Task brief:
Copy, pictures aside: the lines below from the one that holds "Polo Ralph Lauren" through the final line of the listing, both ends included, exactly as they are and nothing else.

Source data:
--------------------------------------------------

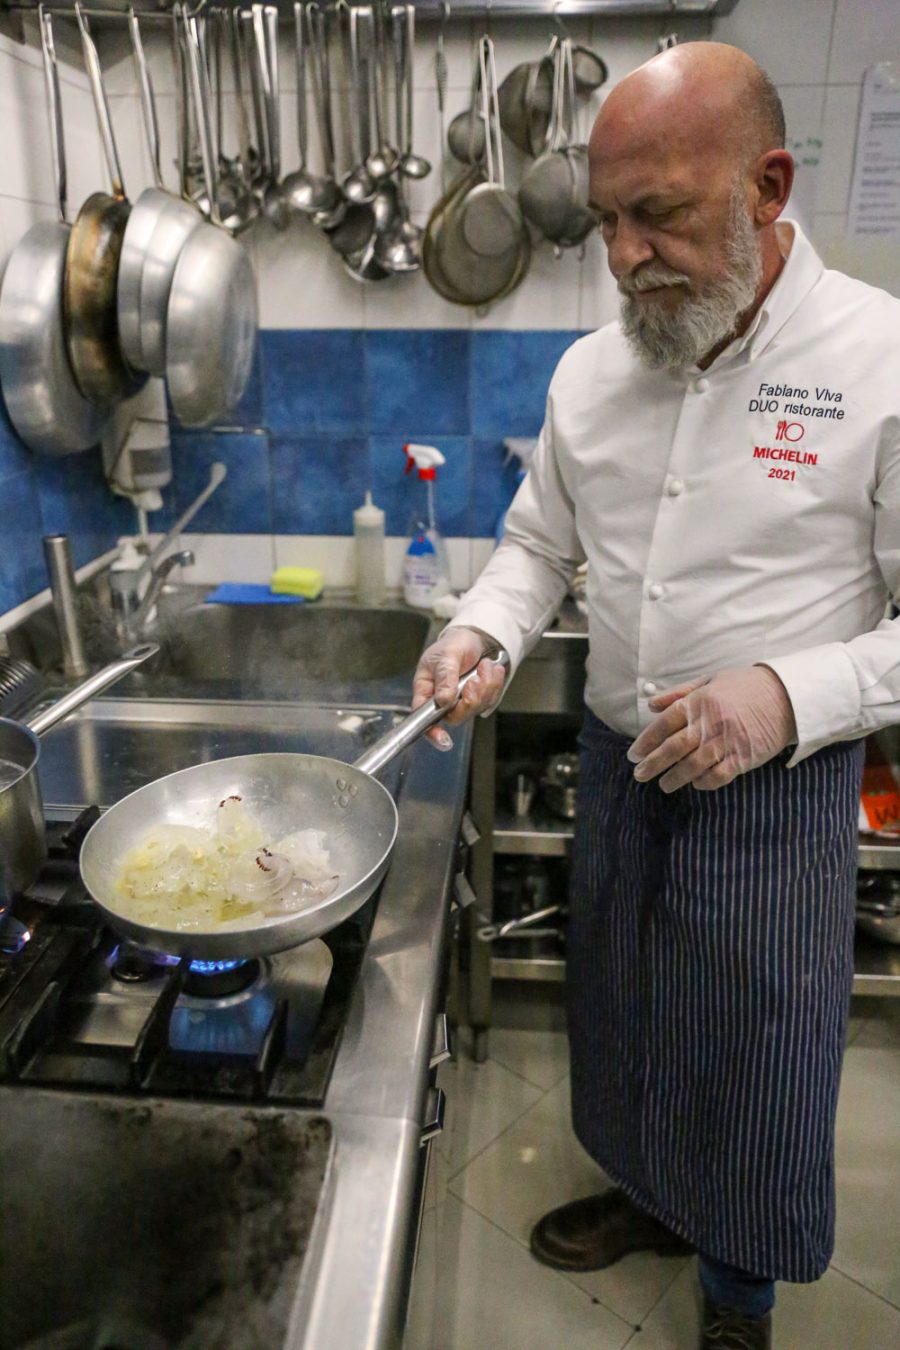 Chef Fabiano Viva cooking jellyfish
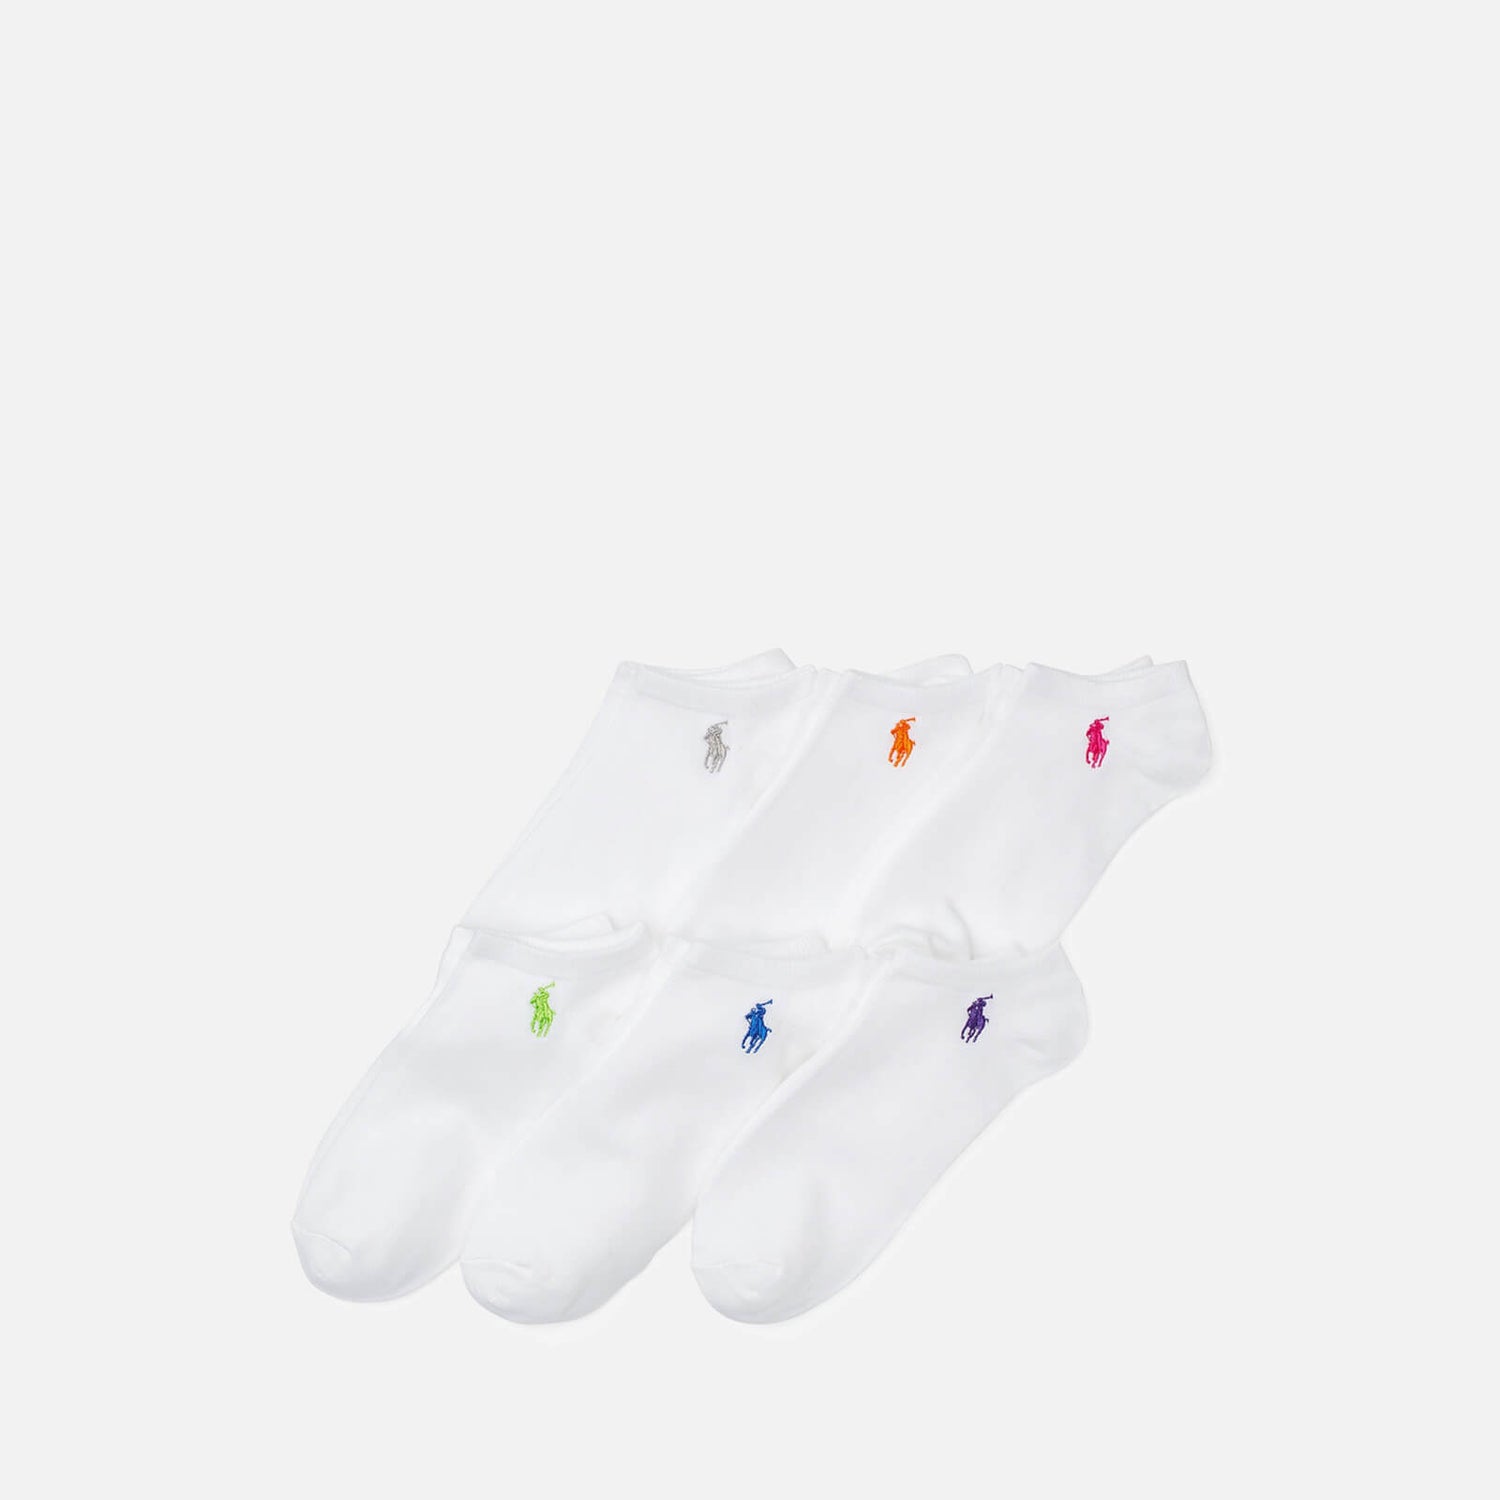 Polo Ralph Lauren Women's Flt Lw Cut Socks 6 Pack - 150 White Assorted
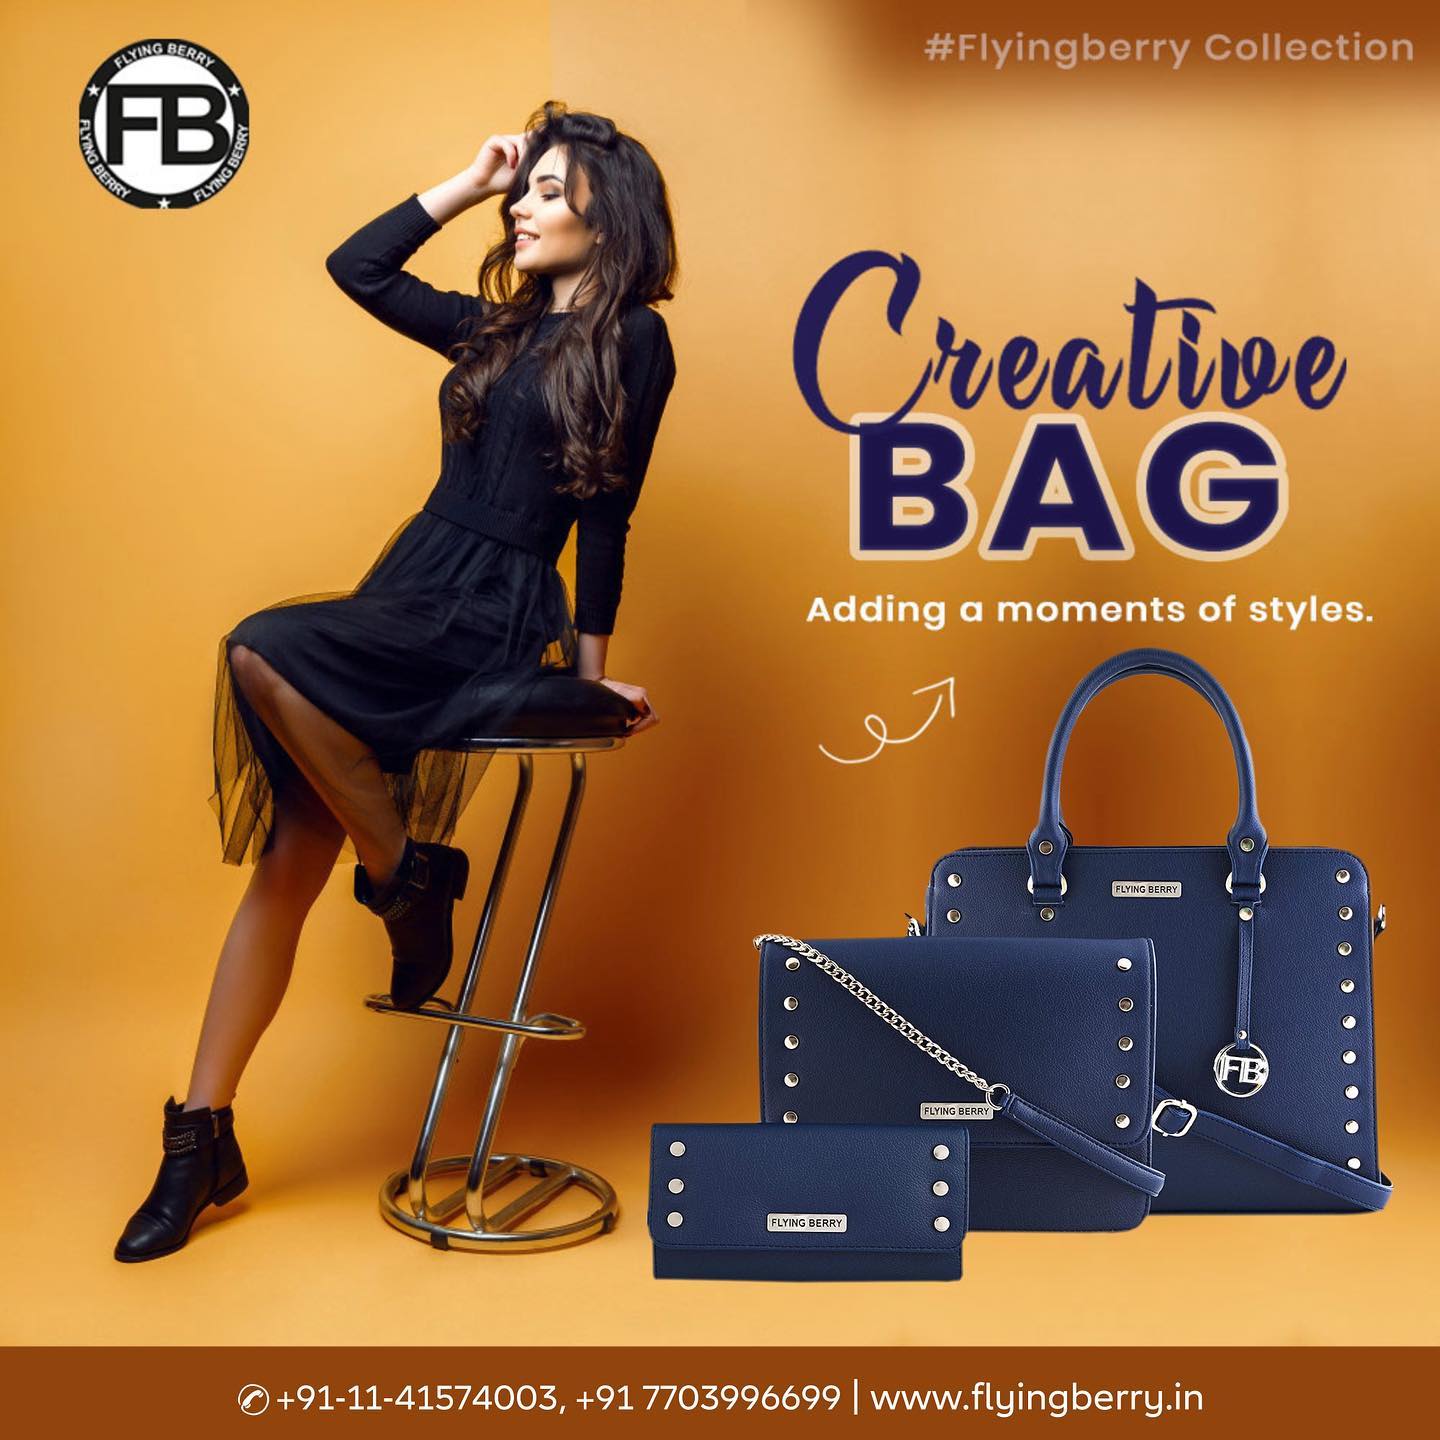 Bag Shop Branding | Advertising Bag Shop | Bag Poster Design
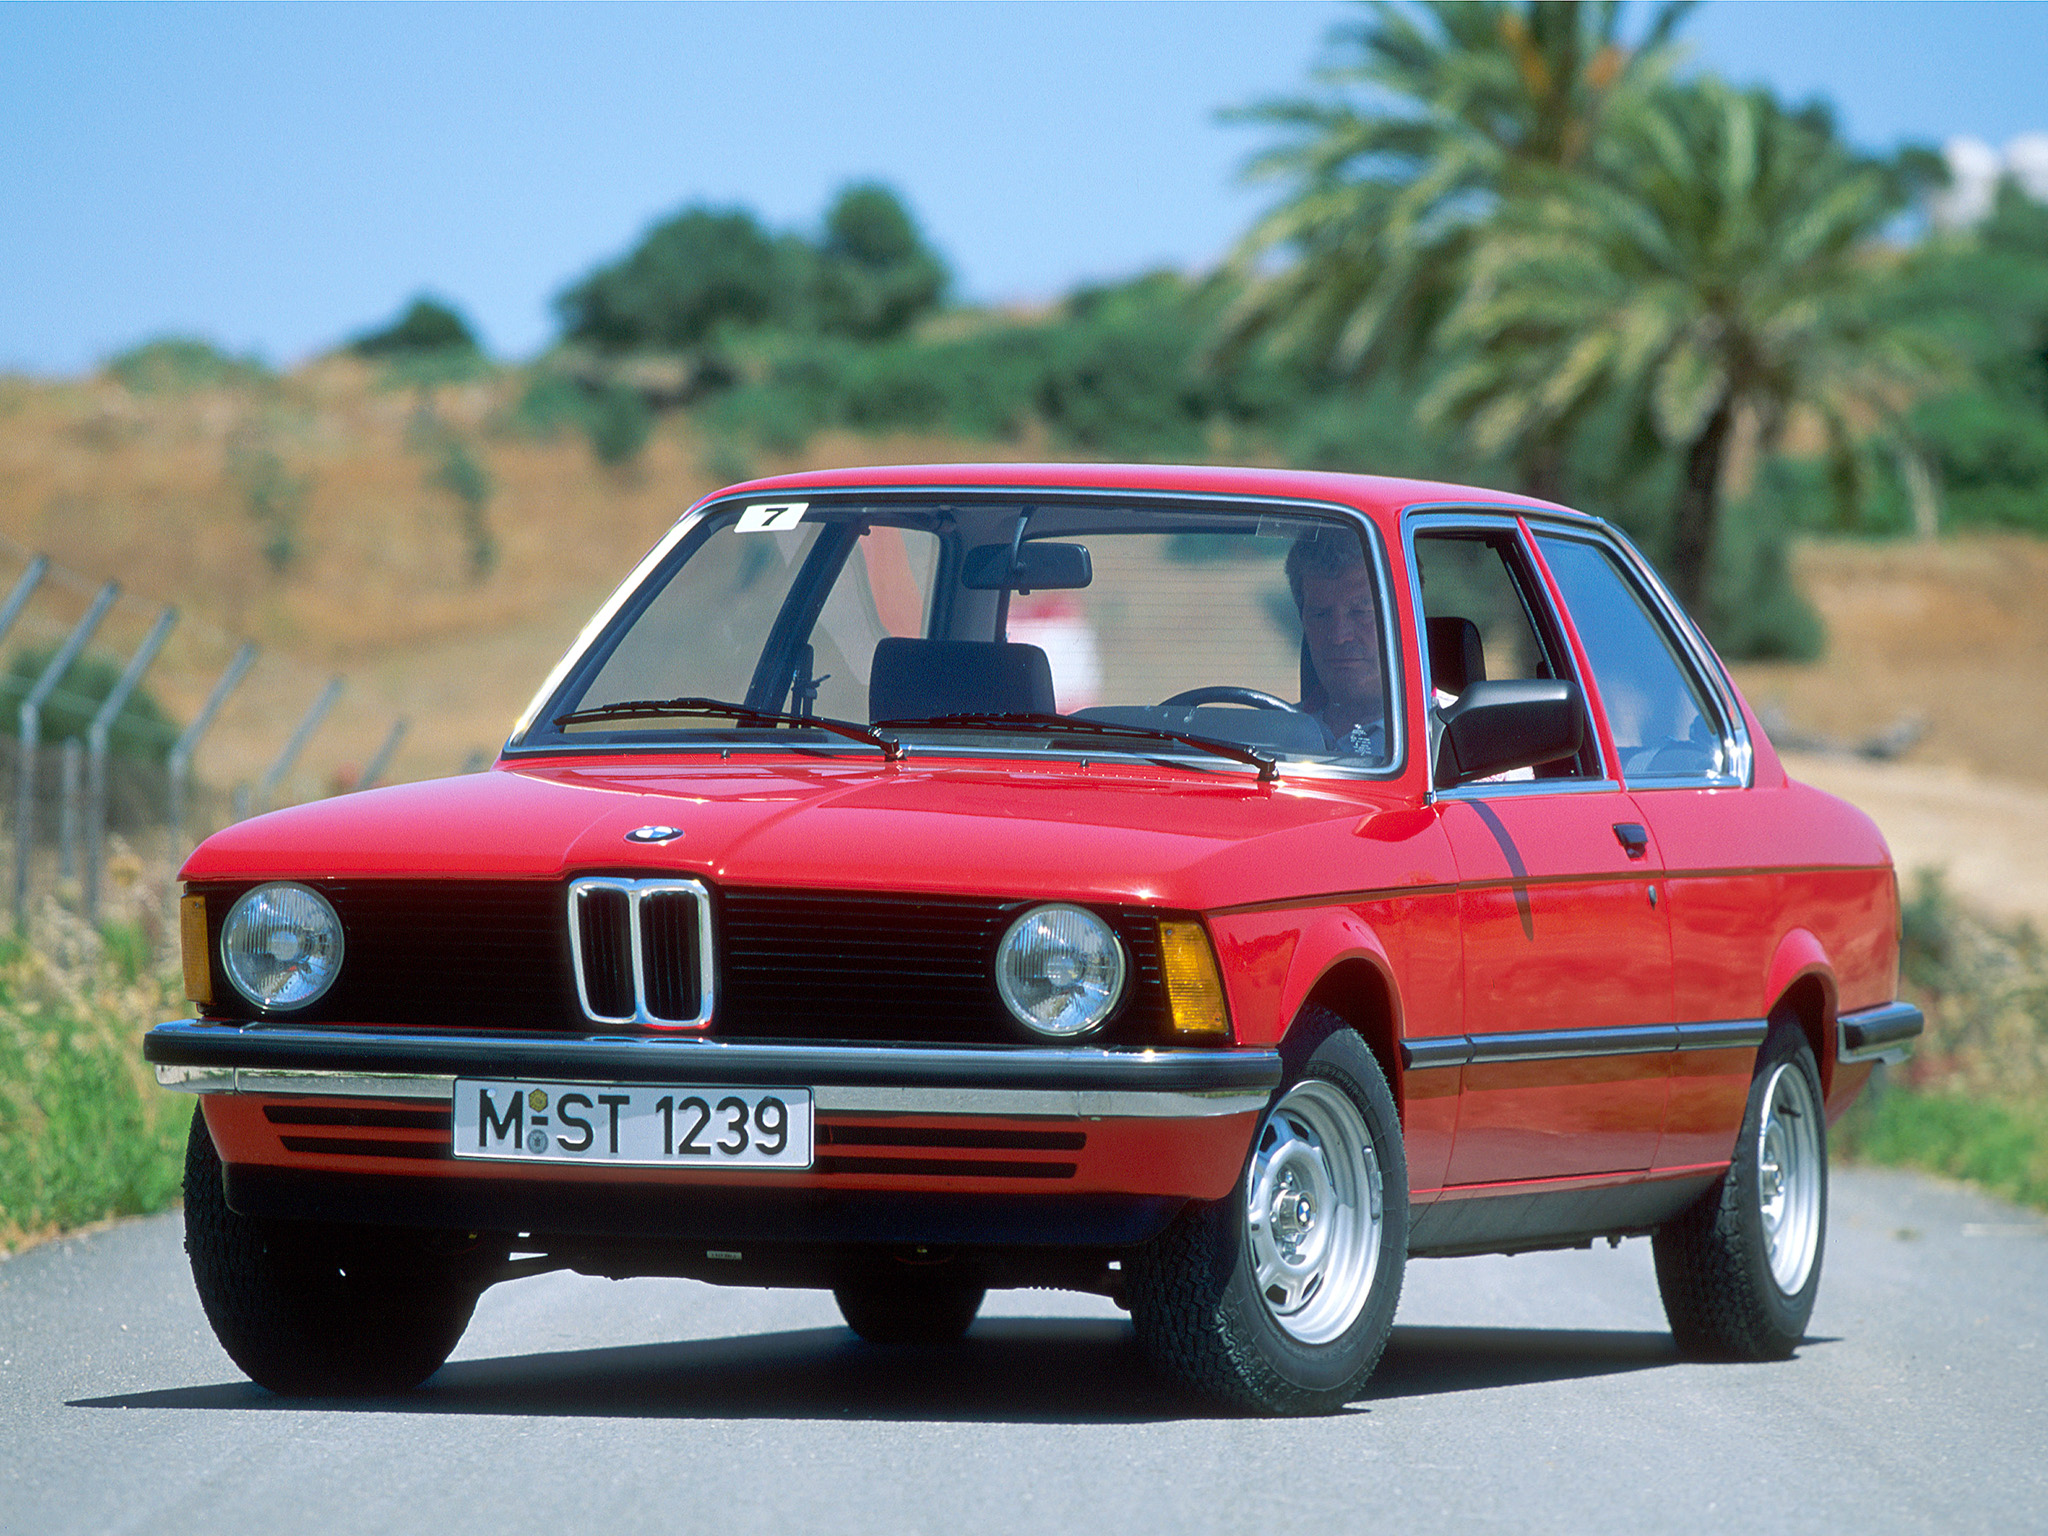 BMW 316 Coupe (E21) '1975â€“82. Ð¥Ð°Ñ€Ð°ÐºÑ‚ÐµÑ€Ð¸ÑÑ‚Ð¸ÐºÐ¸ Ð¸Ð·Ð¾Ð±Ñ€Ð°Ð¶ÐµÐ½Ð¸Ñ:

--------------------------------------------------

Reply to the task:
 Polo Ralph Lauren Women's Flt Lw Cut Socks 6 Pack - 150 White Assorted
 Bag Shop Branding | Advertising Bag Shop | Bag Poster Design
 BMW 316 Coupe (E21) '1975â€“82. Ð¥Ð°Ñ€Ð°ÐºÑ‚ÐµÑ€Ð¸ÑÑ‚Ð¸ÐºÐ¸ Ð¸Ð·Ð¾Ð±Ñ€Ð°Ð¶ÐµÐ½Ð¸Ñ:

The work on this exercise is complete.